**WHAT TO PRODUCE:** The whole listing below needs to be duplicated exactly, pictures aside.

** LISTED ENTRIES follows **

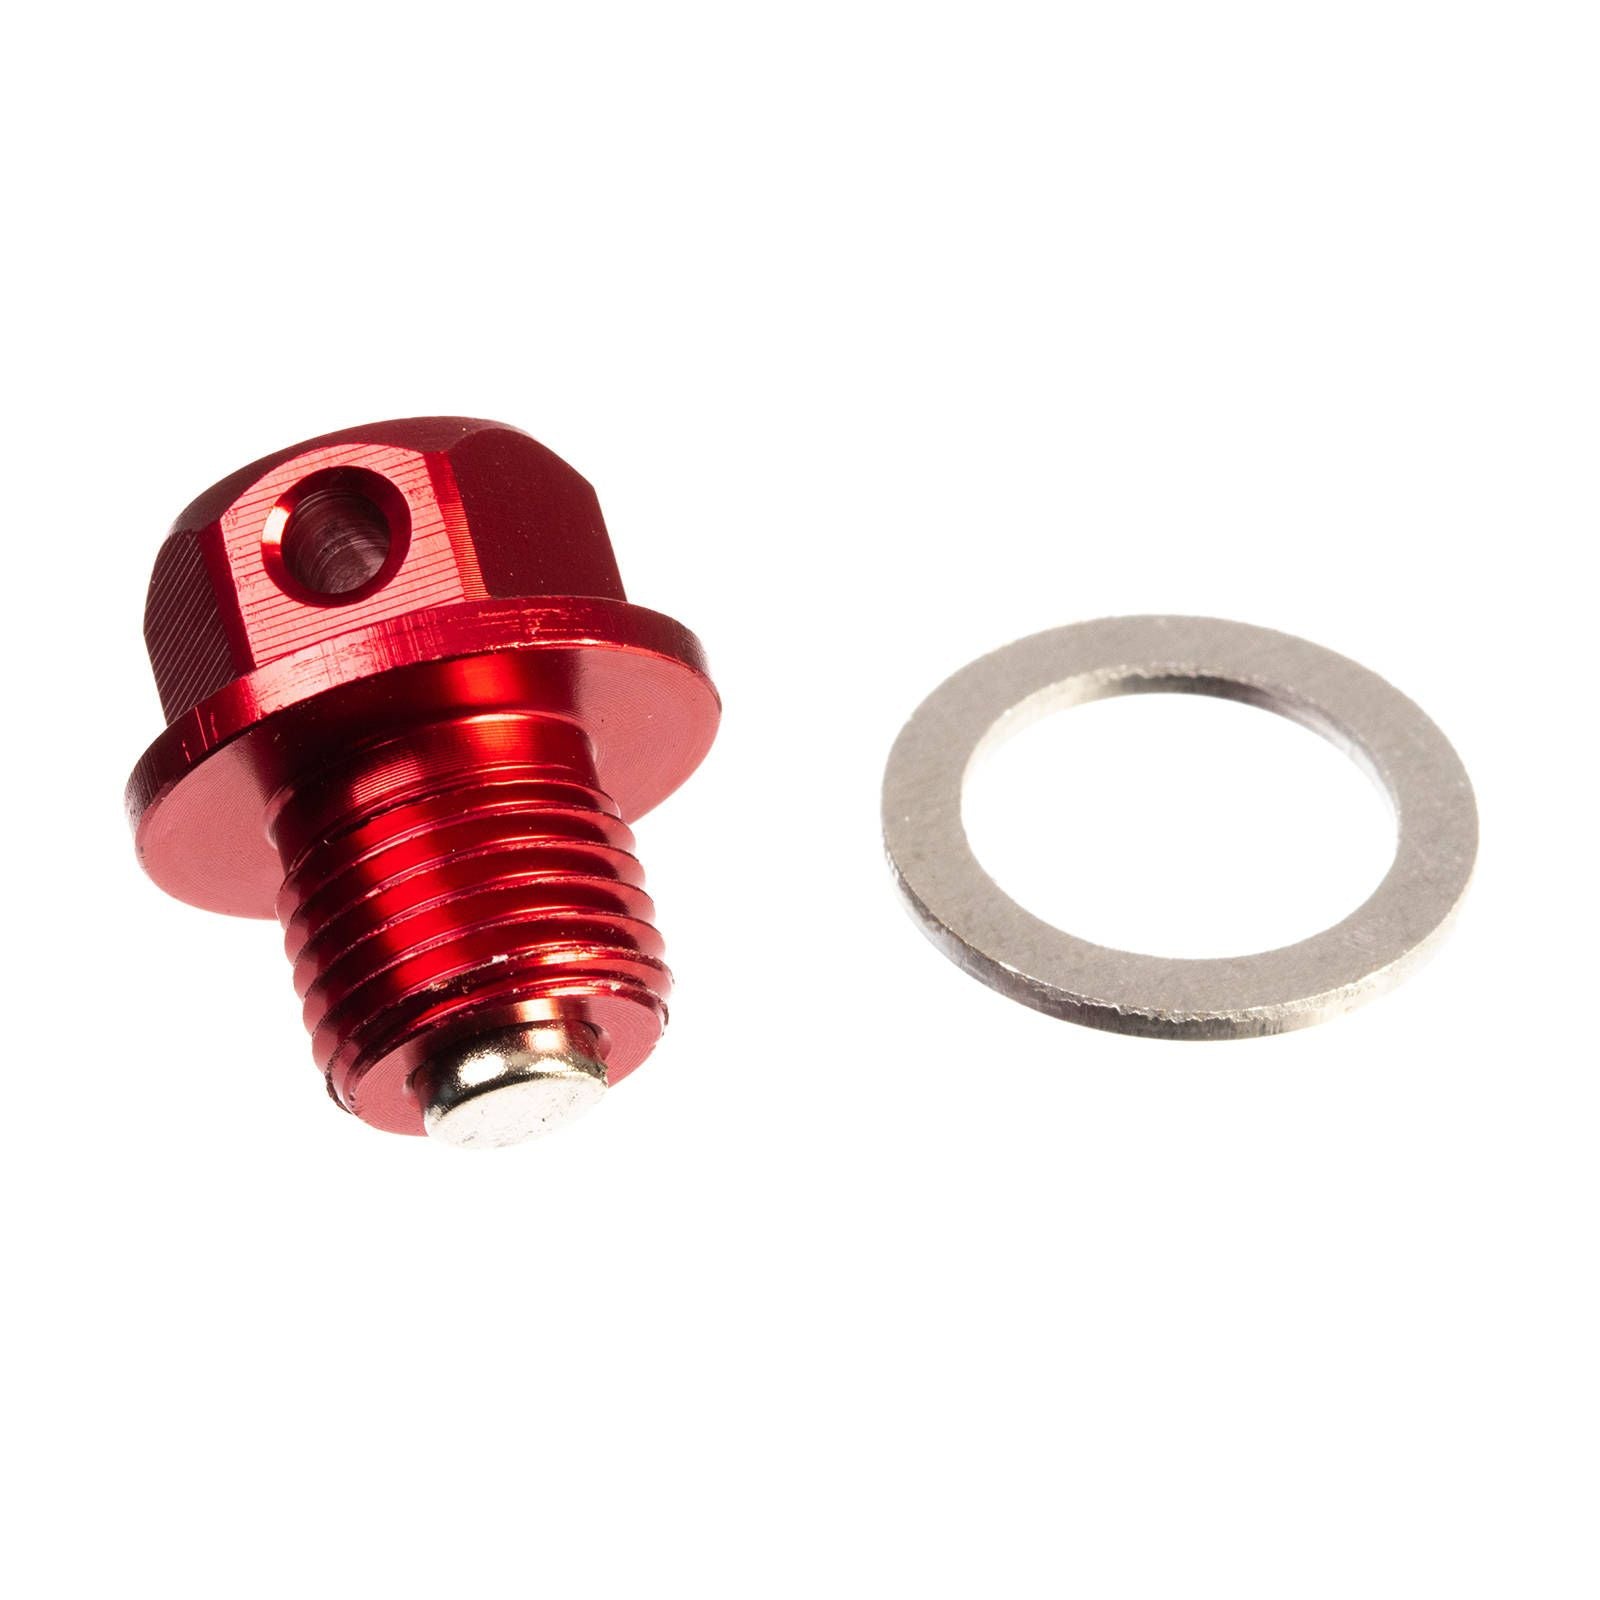 New WHITES Magnetic Sump Plug M12 x 10 x 1.25 - Red #WPMDP1210125R
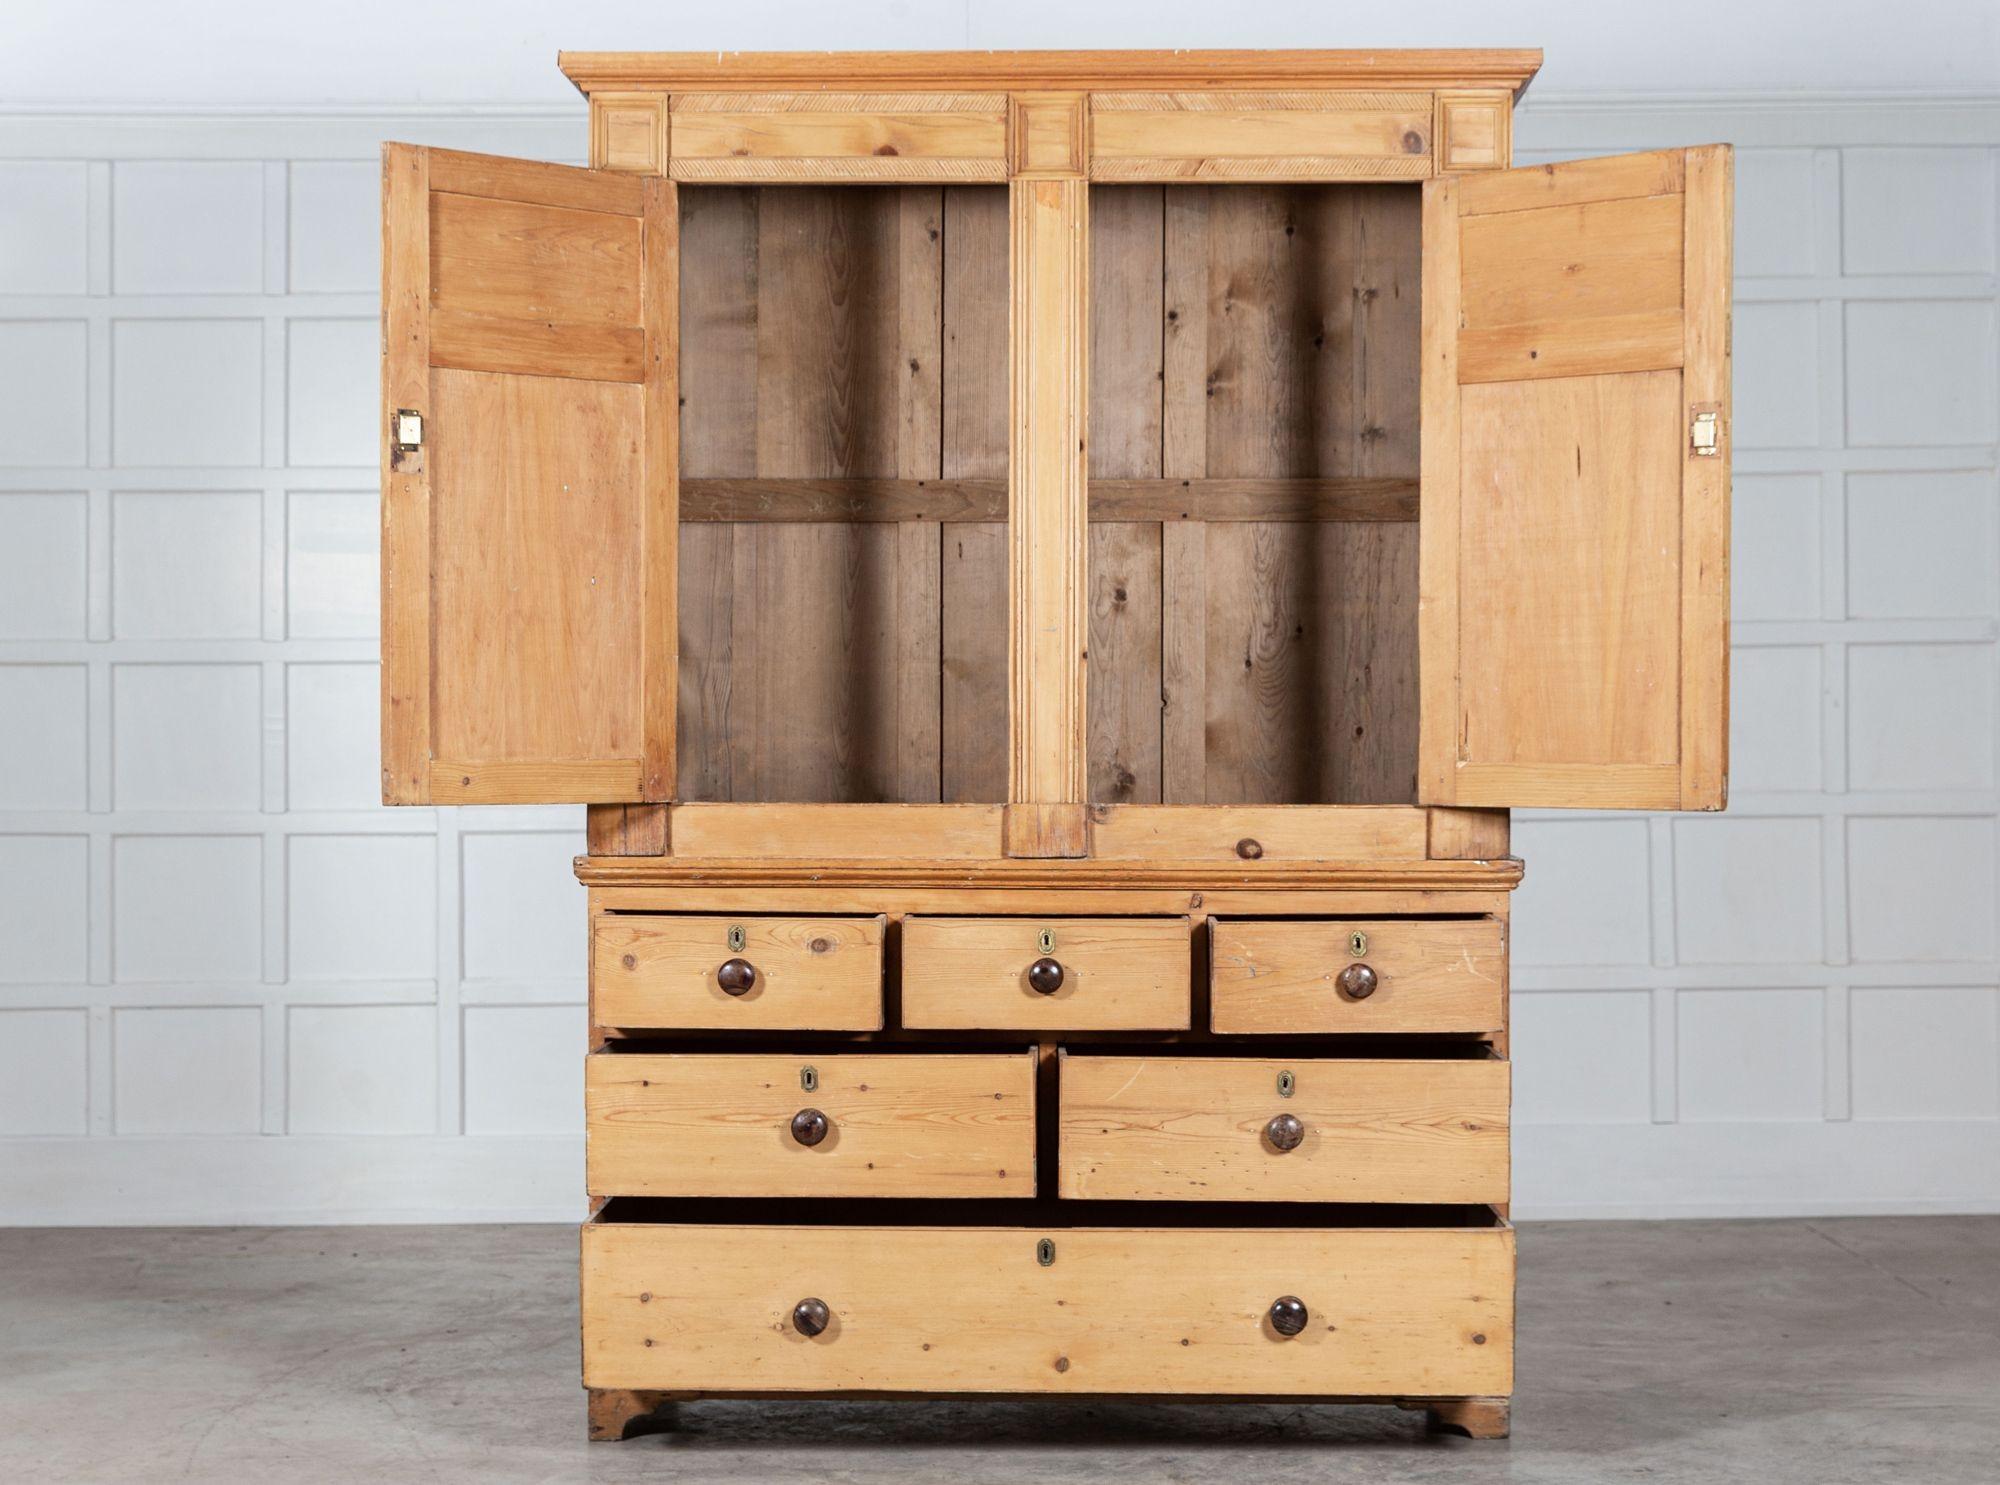 circa 1820
Large Regency English estate made pine housekeepers cupboard
(RHS bracket foot will be restored. Rail or shelves can be added)
sku 1334
We can also customise existing pieces to suit your scheme/requirements. We have our own workshop,
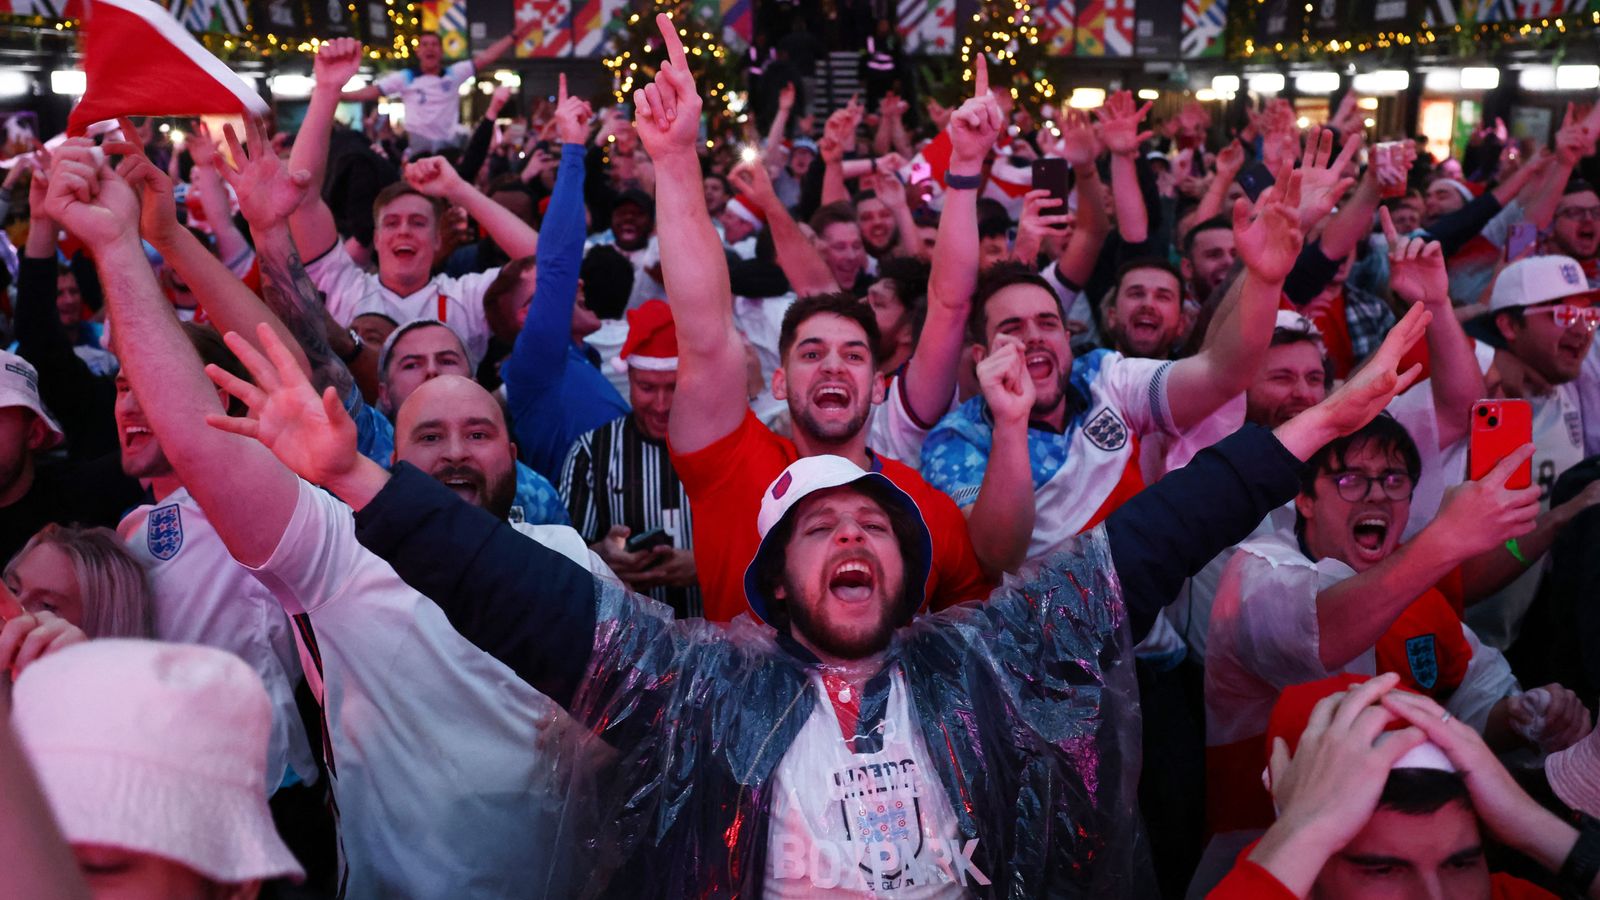 In pictures: England fans celebrate convincing World Cup victory over Senegal
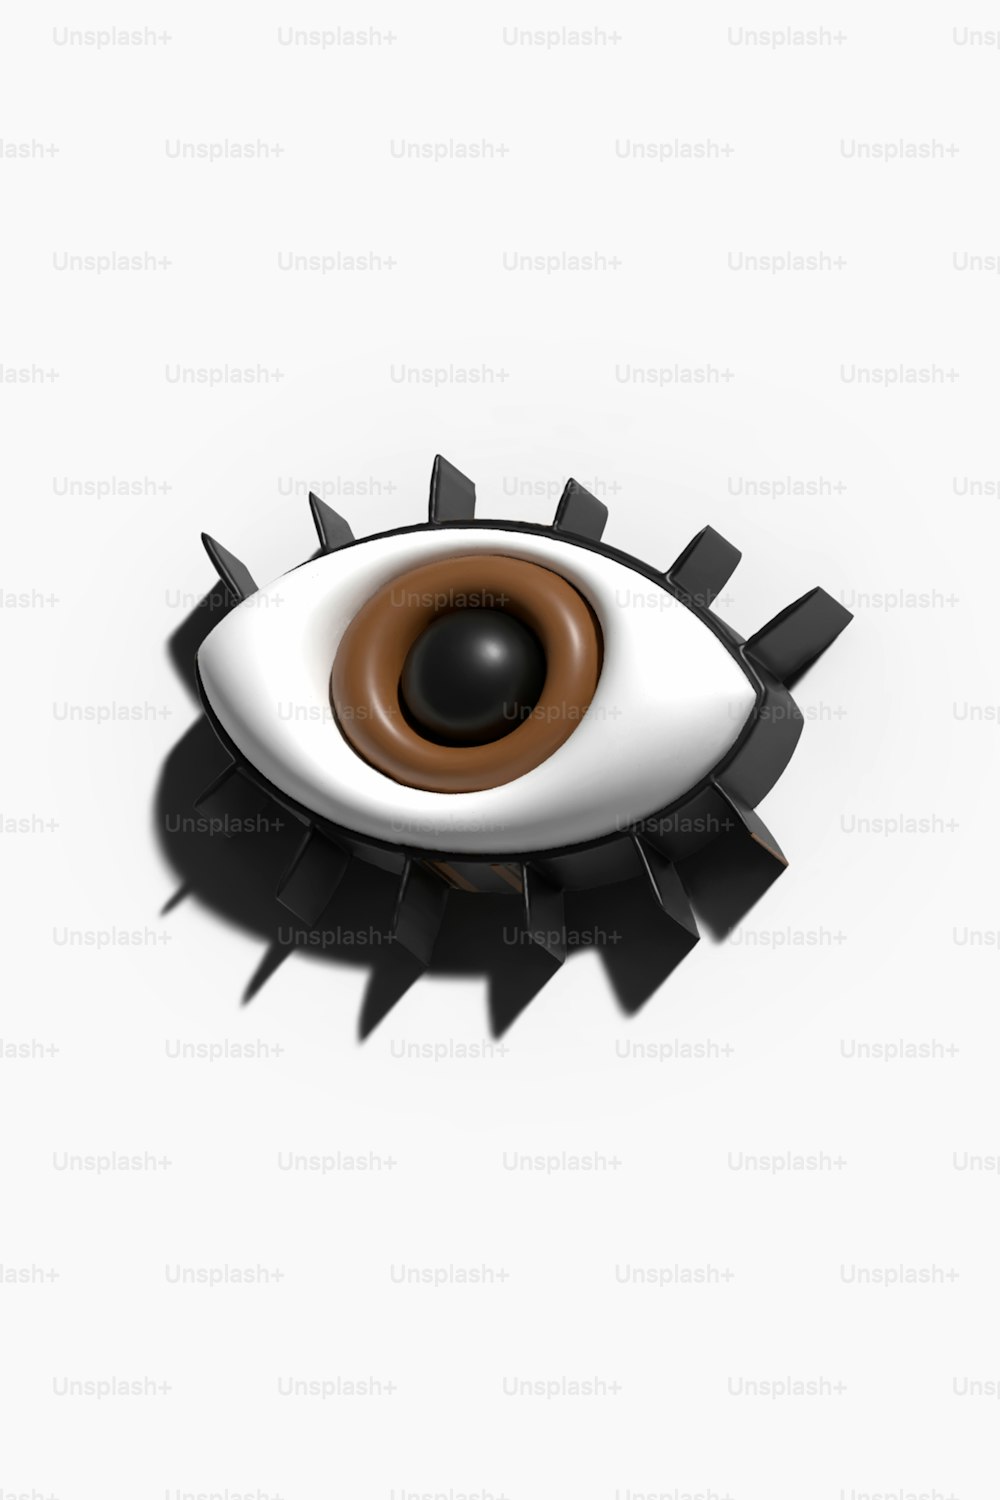 a close up of an eye with spikes on it

** End of LISTED ENTRIES **

**SOLUTION FOR THIS TASK:**
 New WHITES Magnetic Sump Plug M12 x 10 x 1.25 - Red #WPMDP1210125R
 circa 1820
Large Regency English estate made pine housekeepers cupboard
(RHS bracket foot will be restored. Rail or shelves can be added)
sku 1334
We can also customise existing pieces to suit your scheme/requirements. We have our own workshop,
 In pictures: England fans celebrate convincing World Cup victory over Senegal
 a close up of an eye with spikes on it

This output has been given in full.